Difference between U+007C “VERTICAL BAR” `|` and U+2223 “DIVIDES” `∣`

What is the difference between the two Unicode code points U+007C “VERTICAL BAR” | and U+2223 “DIVIDES” ? Julia REPL’s LaTeX-like Unicode input of \mid gives U+2223, and HTML’s named character references for ∣, ∣, ∣ and ∣ are U+2223, and for | and | are U+007C. I’m reading “Report on the Algorithmic Language ALGOL 60” and it uses |-like symbols (what is now called Backus–Naur form) to define ALGOL 60 reference representation. I want to write a document about ALGOL 60 in a modern computer. So I want to replicate the original definition text. I don’t know who first used the vertical line symbol as an “or” operator or seperator. What I know is the vertical line in set (or class) builder notation in mathematics \{x\mid \varphi(x) \} was invented and getting popular around from 1940s to 1950s, and in LaTeX, we often use \mid in it. Which should I use for replicating ALGOL 60’s text?

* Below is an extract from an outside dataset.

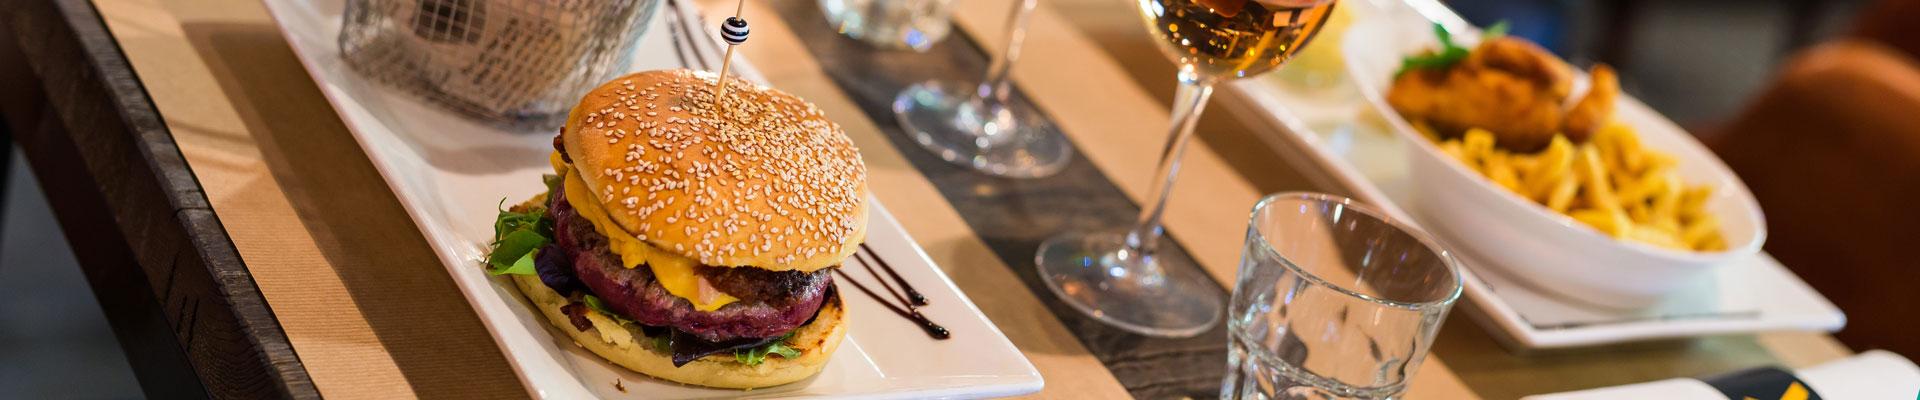 la-fabrik-steakhouse-food-&-drink-restaurant-bar-hangar-quai-rouen-seine-42-bandeau-burger-1920x400

One answer to your first sentence is that the Unicode people like to encode semantics rather than appearances, so there are lots of examples of similar/different glyphs - eg asterisks.
Perhaps some fonts containing all the semantic alternatives could visually distinguish between the different meanings - but that might not be what you’re asking. :thinking:

In many fonts, U+2223 is shorter than U+007C: ∣|, ∣|. The reason Julia uses \mid for the former from the HTML entity name. I wouldn’t necessarily assume that the HTML &mid and the LaTeX \mid names come from the same semantic idea.

Given that the unicode is defined to semantically represent “divides” I think I’d use the straightforward ASCII.